First of all, the type of community that will be looking for that niche content isn’t going to be all that quick to flag it.

Secondly,  how hard would it be to build a signature base of meta-word and behavioral screening to remove the largest portion of objectionable (illegal) content?  Here are a few ideas to think about as you read the article – feel free to post your own:

  • Spam assassin for content anyone?  Use the meta data to help weight the red flag.
  • Watch topics that users post to/visit and use this to weight a flag.  For instance, a little old lady that is concerned about “poodles” and “identity theft” will not affect the weight as much as someone looking for “Free credit card numbers” and “MS Windows licenses”.
  • Use Natural Language Processing techniques to identify and weight actual posts (remember the “StupidFilter“?).

I realize full well that these techniques can be gamed just like anything else, but it seems to me that they are viable, not so hard to implement (I use components of them in my work – although the scale is different!), and a darn spot better than relying on the crooks to report themselves!


The Top 5 Biggest Infosec Lies

March 2, 2009

I have compiled a list of what I believe are the biggest lies told by and about infosec.  Let me know if you have an addition to the list!

5. There is no evidence that the data has been misused….

This lie is typically told by a company that has just had their digital posteriors handed to them.  The first question that I want to ask upon hearing this one is:

“So… wait… you were completely unable to detect the intruders that were playing around in your own systems for 3 or 4 months, but now all of a sudden you can tell across the entire globe if the information is being misused?”

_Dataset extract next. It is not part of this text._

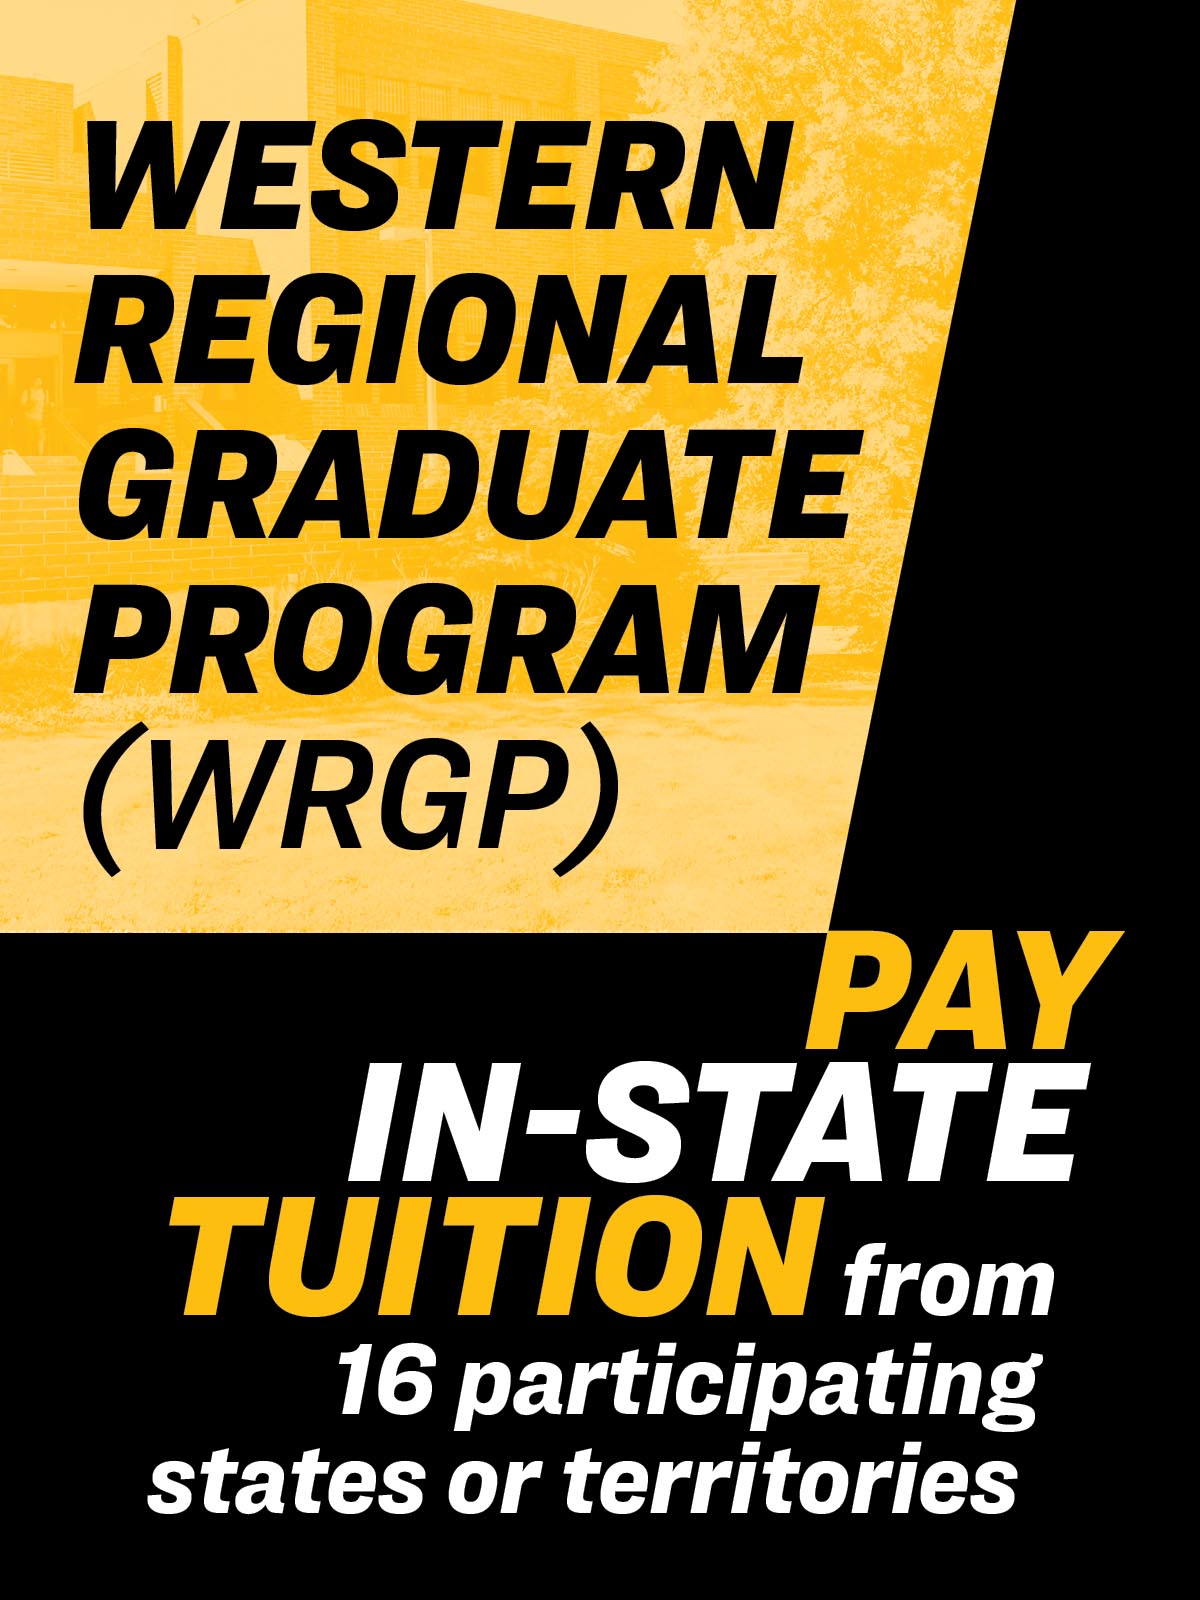 Pay in-state tuition from states or territories within the Western Regional Graduate Program

4. It was a sophisticated attack….

The biggest problem is deciding if this lie is being told by the party that was breached, or the media.  For some reason the media classifies everything as “hacked”, even when it isn’t.  You can add to this that the party that has been breached has two things working against it:

1.  Who wants to admit they were breached by something stupid?  If you are going to be breached you want it to be the most sophisticated, complex attack known to man.

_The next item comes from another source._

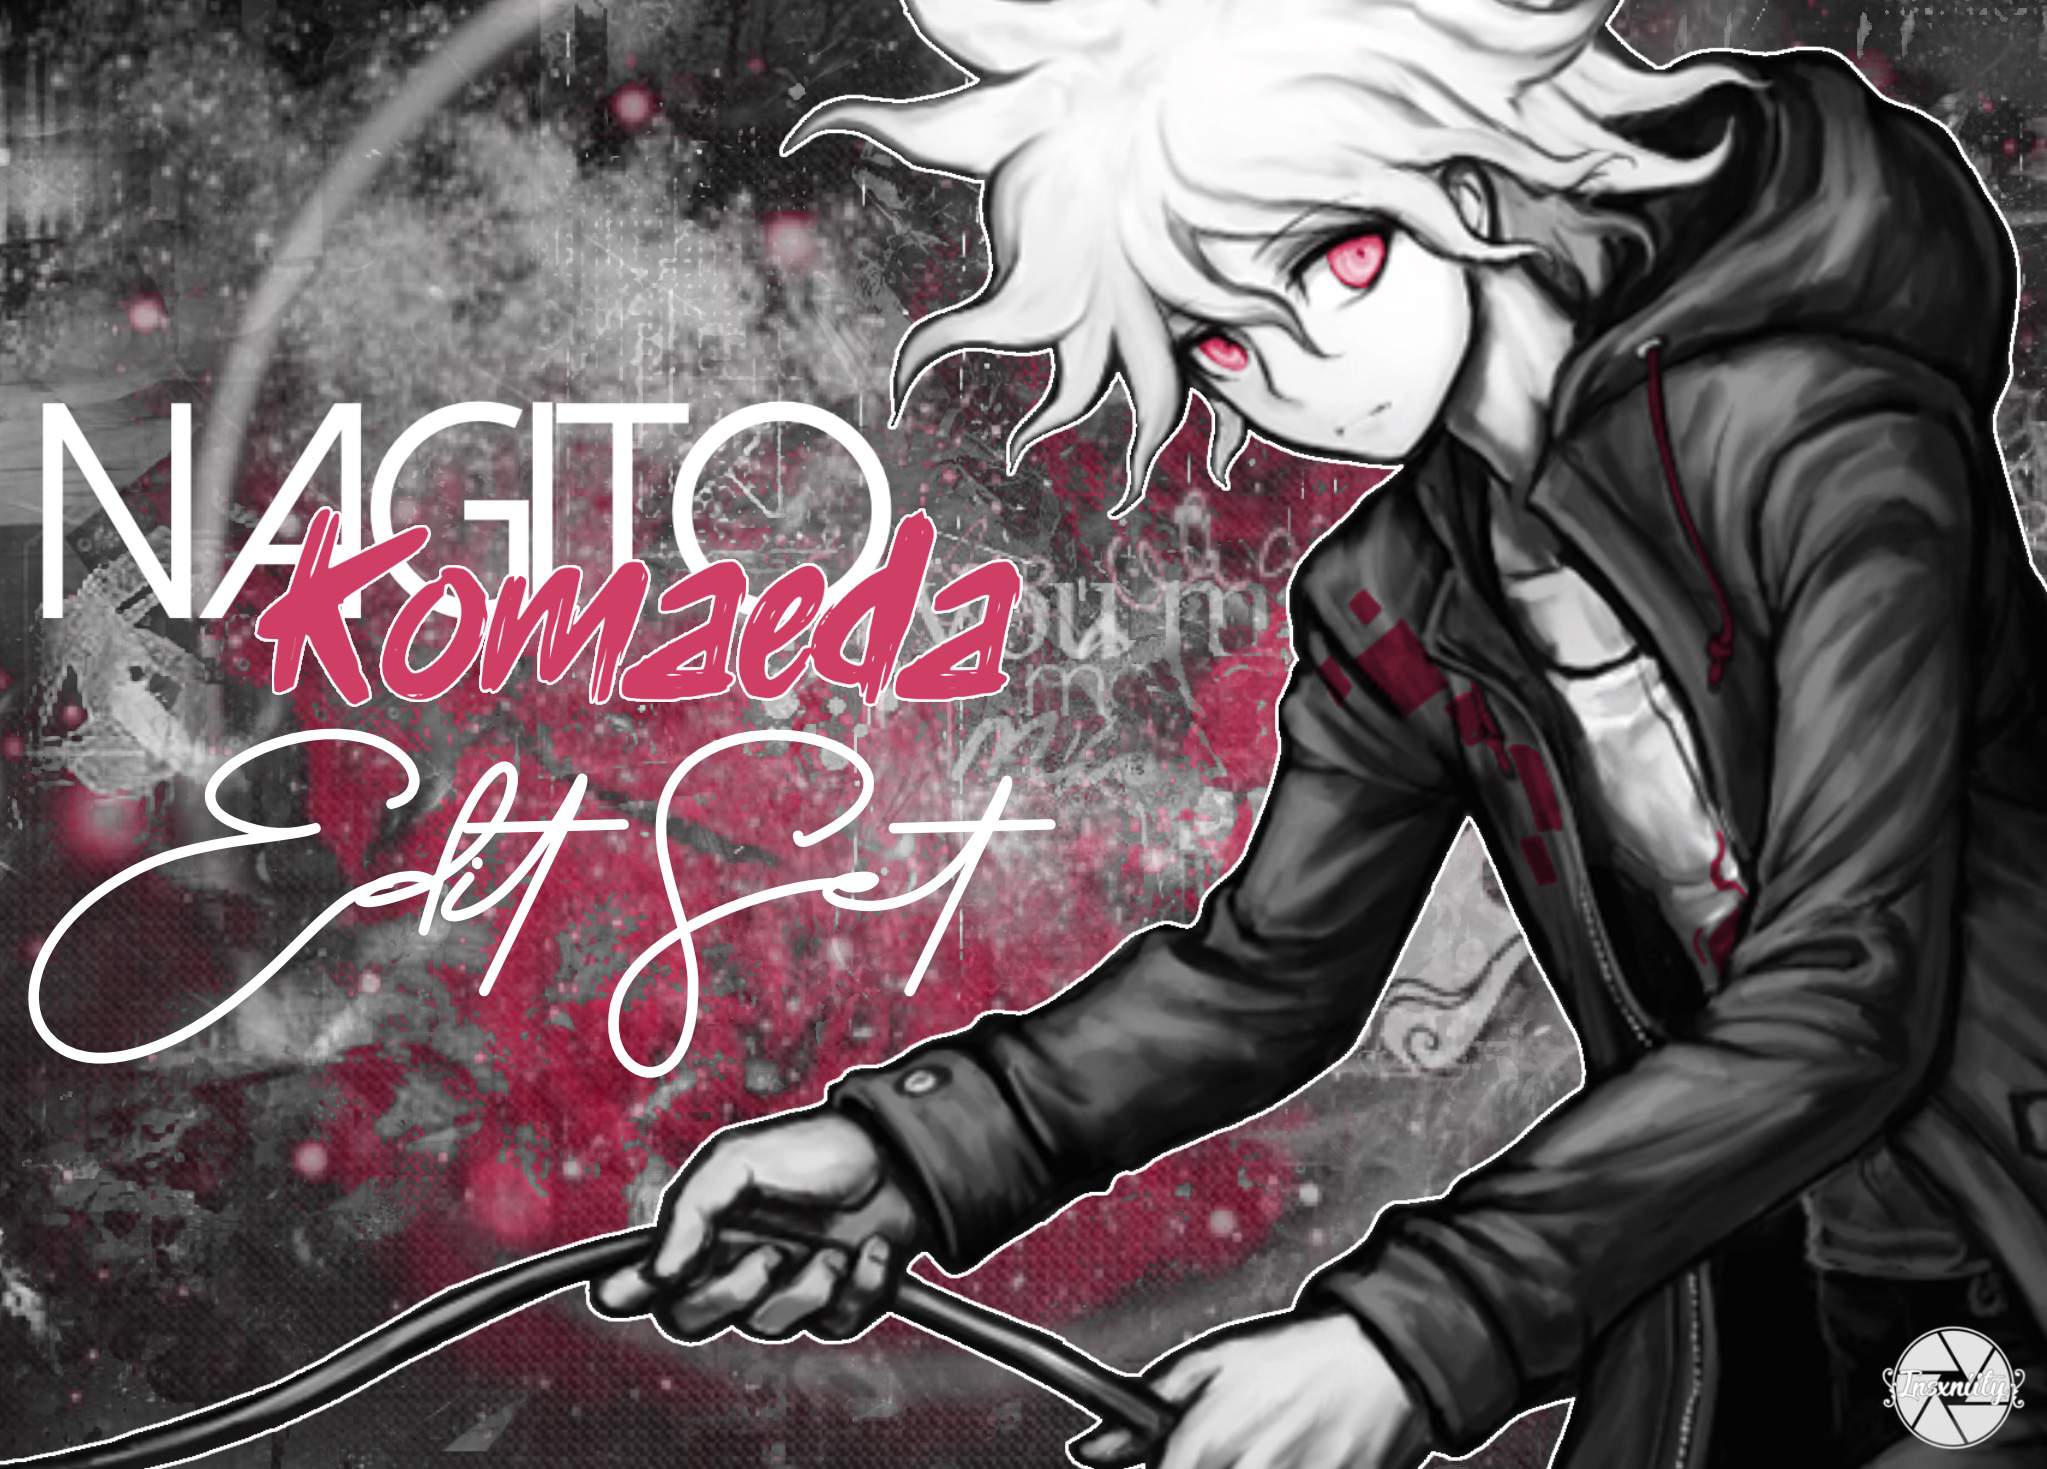 Monochrome edits of Nagito but they also have pink in them ...

2. The “mouthpiece” for the organization that was breached likely doesn’t understand the technical issues themselves.

3. Of course it is secure – the (Military/Law Enforcement/Government) uses this, so it has to be….

I was asked by a client to sit in a product demonstration not too long ago, and the vendor’s mouthpiece kept harping on the fact that “This is so secure, NASA uses it!”.  They were more than a little crestfallen when I demonstrated for them that they were sending their username/password in Base64 decoded format for the entire world to see – and then the page was moving to SSL encryption (on an expired certificate).

The lesson here?  Just because no one has questioned it, doesn’t make it secure.

2.We have “Insert favorite technology here” so we know we are all set….

My first response to this usually is: “Tell me/Show me the specific policy/procedure that your favorite technology is in place to support.  What about the policy and procedure that governs support of the technology?”  The largest portion of the time an organization is completely unable to do this simple exercise.

Infosec technology that does not support policy and procedure is pretty much meaningless – at best you have wasted money, at worst you have created yet another attack vector through a mis-managed, poorly understood device.

1.  We are compliant with (HIPAA, GLB, Sarbannes-Oxley, PCI, etc.) so we know we are secure….

Ummm… so was Heartland….  Do we really need to go down this road?